From mboxrd@z Thu Jan  1 00:00:00 1970
Return-Path: <linux-kernel-owner@vger.kernel.org>
Received: (majordomo@vger.kernel.org) by vger.kernel.org via listexpand
	id S934816Ab0EEOuW (ORCPT <rfc822;w@1wt.eu>);
	Wed, 5 May 2010 10:50:22 -0400
Received: from mx1.redhat.com ([209.132.183.28]:52780 "EHLO mx1.redhat.com"
	rhost-flags-OK-OK-OK-OK) by vger.kernel.org with ESMTP
	id S1757494Ab0EEOuT (ORCPT <rfc822;linux-kernel@vger.kernel.org>);
	Wed, 5 May 2010 10:50:19 -0400
Date: Wed, 5 May 2010 16:48:13 +0200
From: Andrea Arcangeli <aarcange@redhat.com>
To: Mel Gorman <mel@csn.ul.ie>
Cc: Andrew Morton <akpm@linux-foundation.org>,
       Christoph Lameter <cl@linux-foundation.org>,
       Adam Litke <agl@us.ibm.com>, Avi Kivity <avi@redhat.com>,
       David Rientjes <rientjes@google.com>,
       Minchan Kim <minchan.kim@gmail.com>,
       KAMEZAWA Hiroyuki <kamezawa.hiroyu@jp.fujitsu.com>,
       KOSAKI Motohiro <kosaki.motohiro@jp.fujitsu.com>,
       Rik van Riel <riel@redhat.com>, linux-kernel@vger.kernel.org,
       linux-mm@kvack.org
Subject: Re: [PATCH] fix count_vm_event preempt in memory compaction direct
 reclaim
Message-ID: <20100505144813.GI5835@random.random>
References: <1271797276-31358-1-git-send-email-mel@csn.ul.ie>
 <1271797276-31358-13-git-send-email-mel@csn.ul.ie>
 <20100505121908.GA5835@random.random>
 <20100505125156.GM20979@csn.ul.ie>
 <20100505131112.GB5835@random.random>
 <20100505135537.GO20979@csn.ul.ie>
MIME-Version: 1.0
Content-Type: text/plain; charset=us-ascii
Content-Disposition: inline
In-Reply-To: <20100505135537.GO20979@csn.ul.ie>
Sender: linux-kernel-owner@vger.kernel.org
List-ID: <linux-kernel.vger.kernel.org>
X-Mailing-List: linux-kernel@vger.kernel.org

On Wed, May 05, 2010 at 02:55:38PM +0100, Mel Gorman wrote:
> I haven't seen this problem. The testing I'd have been doing with compaction
> were stress tests allocating huge pages but not from the fault path.

That explains it! But anything can call alloc_pages(order>0) with some
semaphore held.

> It's not mandatory but the LRU lists should be drained so they can be properly
> isolated.

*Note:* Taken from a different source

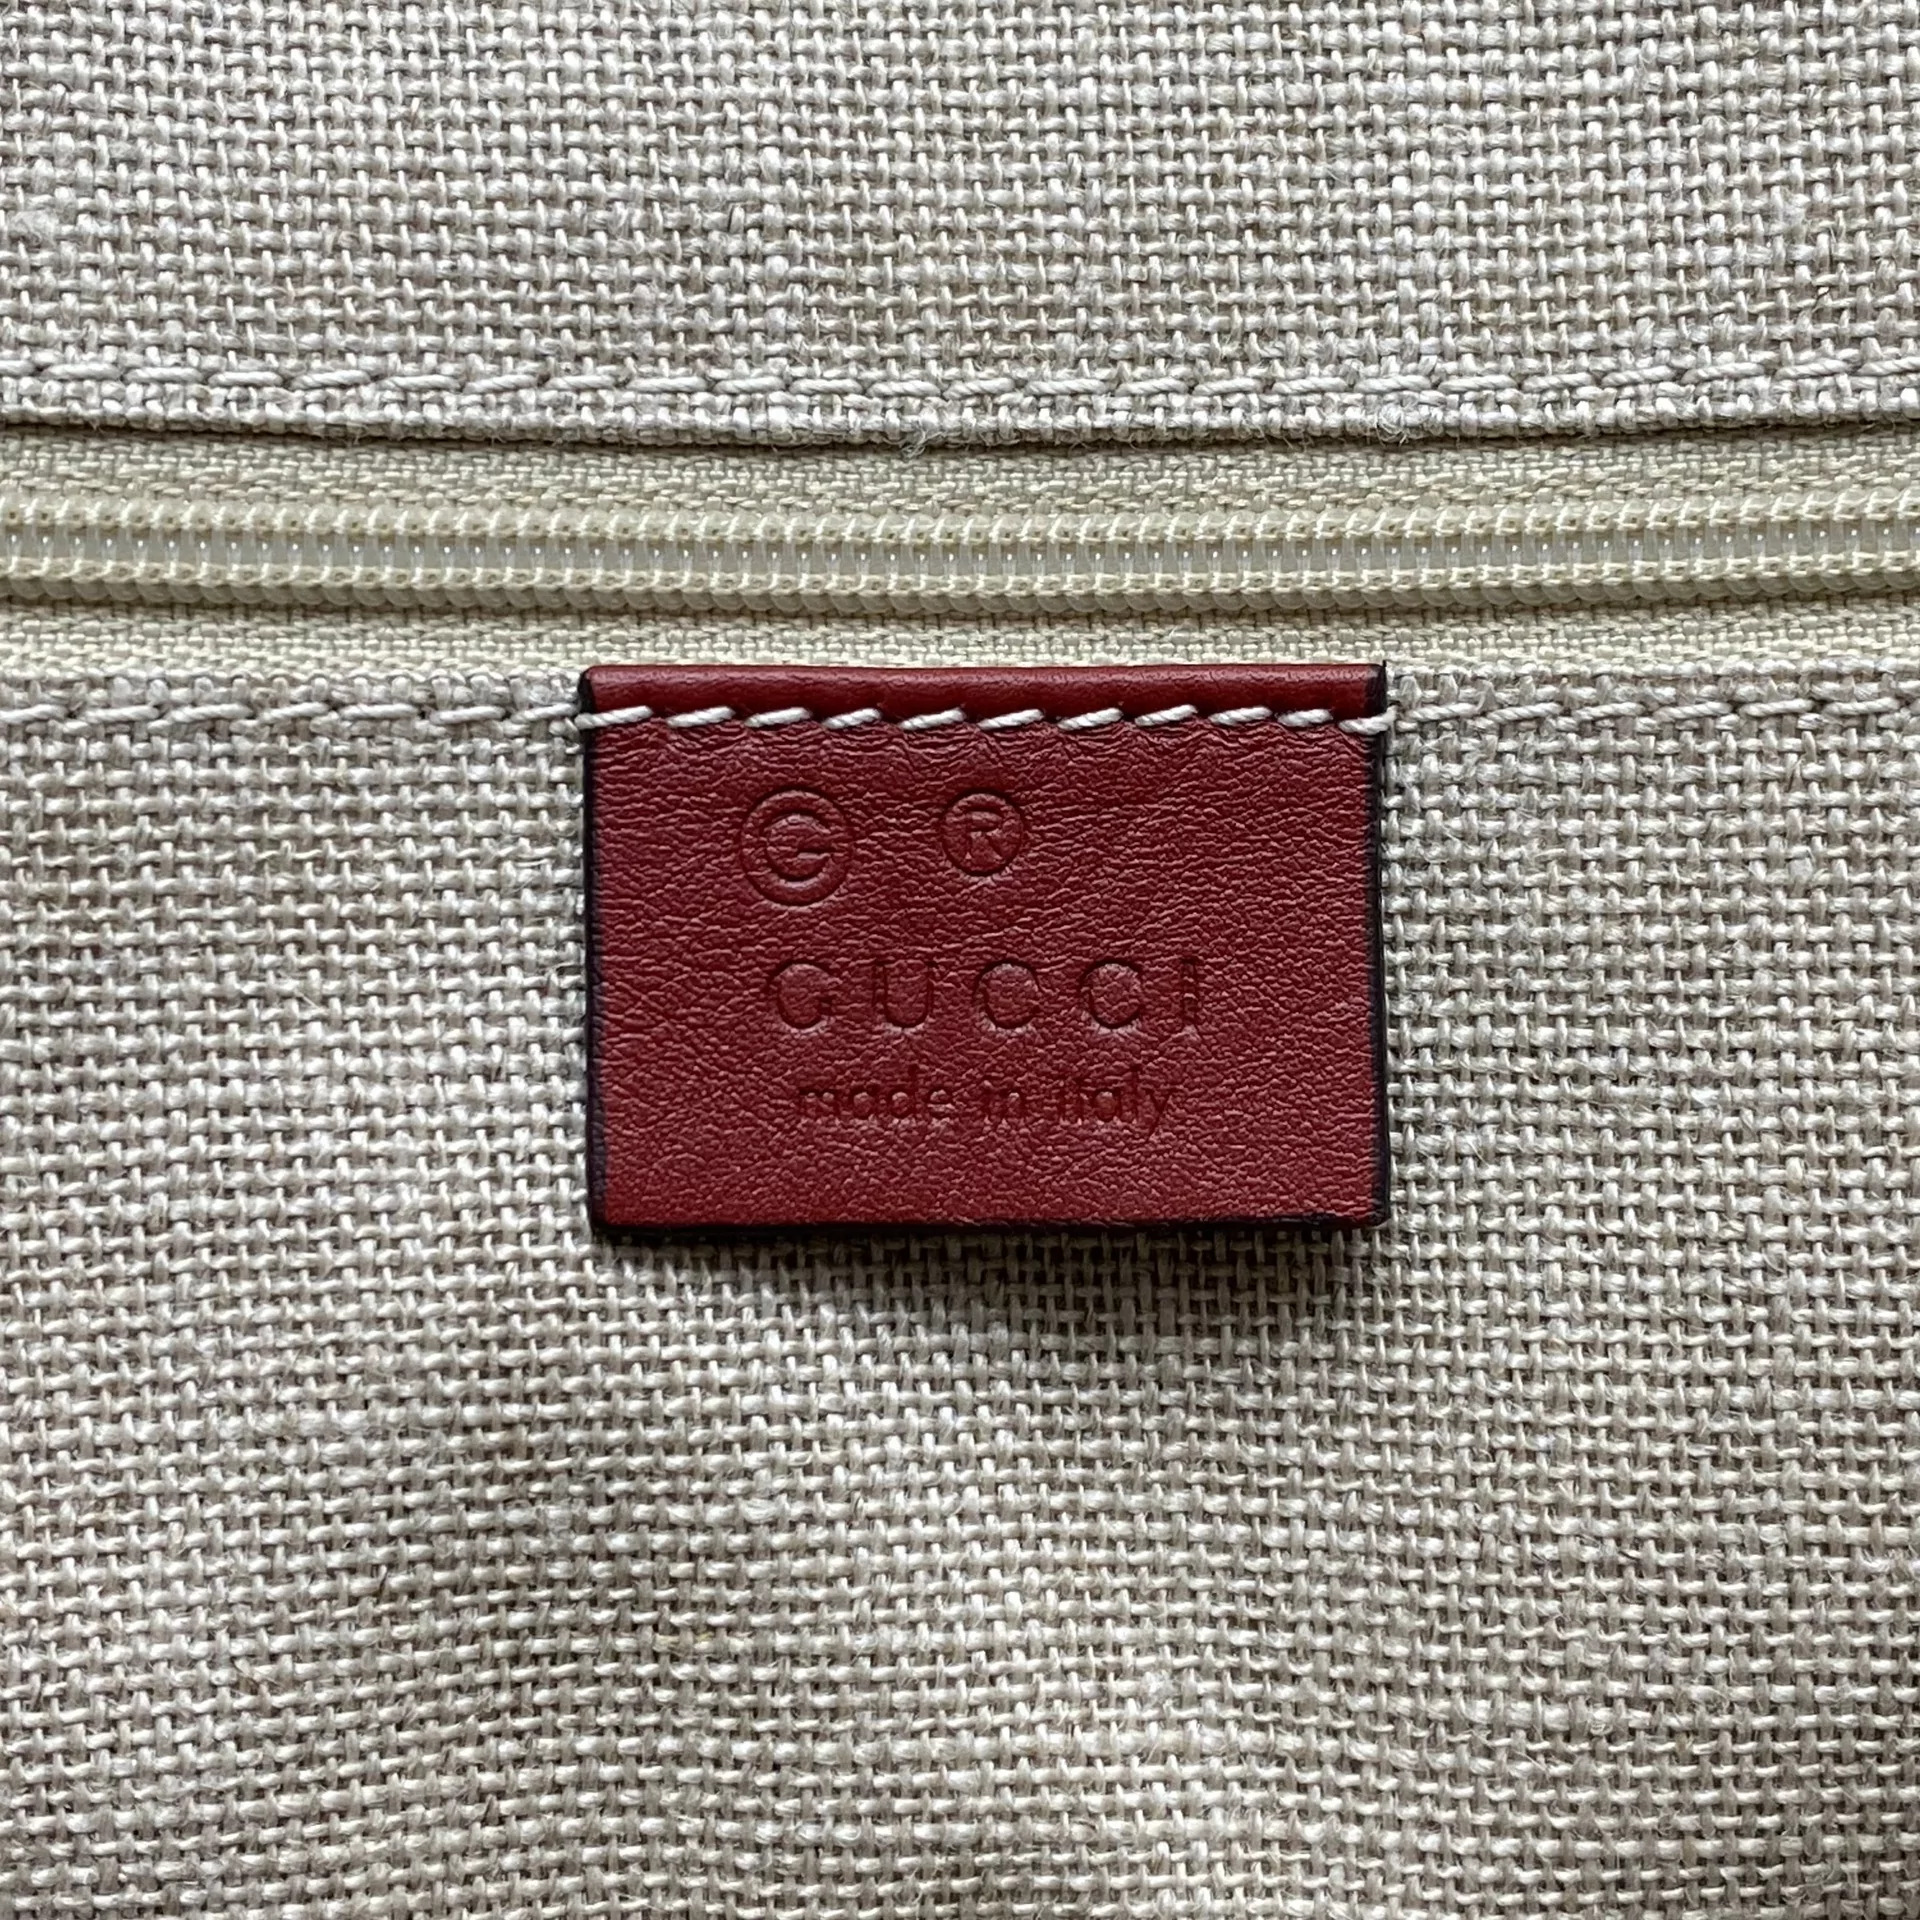 Bolsa Gucci Microguccissima Vermelha

It'd make a slight difference to success rates as there will be
> pages that cannot be isolated because they are on some pagevec.

Yes success rate will be slightly worse but this also applies to all
regular vmscan paths that don't send IPI but they only flush the local
queue with lru_add_drain, simply pages won't be freed until there will
be some other cpu holding the refcount on them, it is not specific to
compaction.c but it applies to vmscan.c and vmscan likely not wanting
to send an IPI flood because it could too if it wanted.

But I guess I should at least use lru_add_drain() in replacement of
migrate_prep...

> While true, is compaction density that high under normal workloads? I guess
> it would be if a scanner was constantly trying to promote pages.  If the
> IPI load is out of hand, I'm ok with disabling in some cases. For example,
> I'd be ok with it being skipped if it was part of a daemon doing speculative
> promotion but I'd prefer it to still be used if the static hugetlbfs pool
> was being resized if that was possible.

I don't know if IPI is measurable, but it usually is...

> > -----
> > Subject: disable migrate_prep()
> > 
> > From: Andrea Arcangeli <aarcange@redhat.com>
> > 
> > I get trouble from lockdep if I leave it enabled:
> > 
> > =======================================================
> > [ INFO: possible circular locking dependency detected ]
> > 2.6.34-rc3 #50
> > -------------------------------------------------------
> > largepages/4965 is trying to acquire lock:
> >  (events){+.+.+.}, at: [<ffffffff8105b788>] flush_work+0x38/0x130
> > 
> >  but task is already holding lock:
> >   (&mm->mmap_sem){++++++}, at: [<ffffffff8141b022>] do_page_fault+0xd2/0x430
> > 
> 
> Hmm, I'm not seeing where in the fault path flush_work is getting called
> from. Can you point it out to me please?

lru_add_drain_all->schedule_on_each_cpu->flush_work

> We already do some IPI work in the page allocator although it happens after
> direct reclaim and only for high-order pages. What happens there and what
> happens in migrate_prep are very similar so if there was a problem with IPI
> and fault paths, I'd have expected to see it from hugetlbfs at some stage.

Where? I never triggered other issues in the page allocator with
lockdep, just this one pops up.